U.S. presidential candidate Sen. Bernie Sanders released a plan Saturday to eliminate $81 billion in medical debt for Americans, going a step beyond his Democratic rivals who have called for a government-run health insurance program.
“In America today, it is unacceptable that one out of every six Americans have past-due medical bills on their credit report, totaling $81 billion,” Sanders said in a statement. Medical costs account for 66.5 percent of all bankrupticies, Sanders added.
Sanders promised to pay off overdue medical bills that have been reported to credit agencies and end harassing debt collecting practices, which would prohibit the collection of debt beyond a statute of limitations.

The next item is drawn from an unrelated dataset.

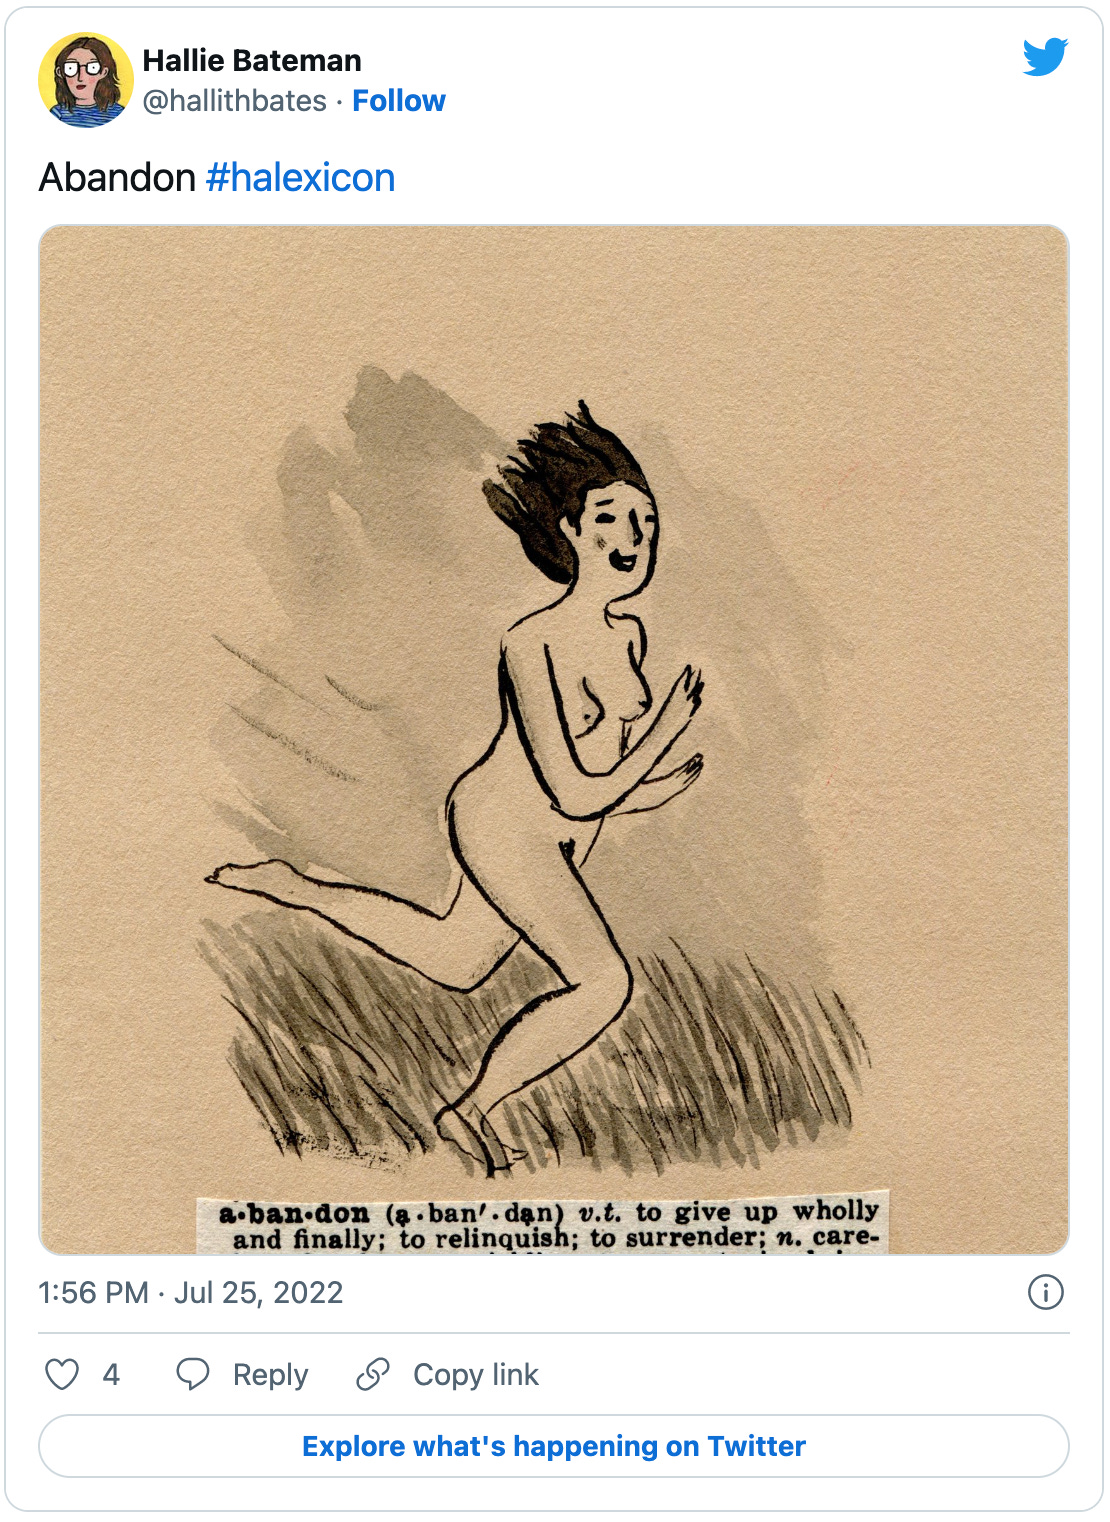 A tweet from Hallie Bateman that says “Abandon #halexicon” and includes an adorable pen illustration of a woman gleefully running nude through the grass, with a dictionary clipping defining the word “abandon” as: “a ban.don (a.ban'. dan) v.t. to give up wholly and finally; to relinquish; to surrender; n. careless freedom; a yielding to unrestrained impulse; dash. -ed a. deserted; forsaken; unrestrained; given up entirely to, esp. wickedness. -edly adv. -ment n. the act of abandoning, or state of being abandoned; (Law) the relinquishing of an interest or claim [0.Fr. aban doner].”

Sanders also vowed to reform bankruptcy laws and create a public credit registry to “remove the profit motive from assessing the creditworthiness of American consumers.” He said he would exclude medical debt from credit reports and end credit checking for rental housing, employment, insurance and other non-lending practices.
Sanders made no mention in the proposal of how he planned to cover the $81 billion cost, though according to Reuters the Sanders campaign has said they would pay for the debt elimination through a tax on corporations based on their pay for chief executives. The details of that proposal have not been released.
Sanders was one of the first supporters of “Medicare-for-All,” which would replace job-based and individual health insurance with a government-run plan to provides coverage for all. Other top Democratic rivals have expressed interest in a toned-down version of Medicare-for-All. Sen. Elizabeth Warren has endorsed Sanders’ plan but said there may be different ways to achieve coverage for all. Biden has called to extend the Affordable Care Act by adding a public option.
Sanders also released a plan to eliminate $1.6 trillion in student loan debt while also making public college tuition-free.
Sanders has been trailing frontrunner Biden in the polls. Sanders polled at 18 percent while Biden captured 29 percent of Democratic support, according to the most recent Fox News poll.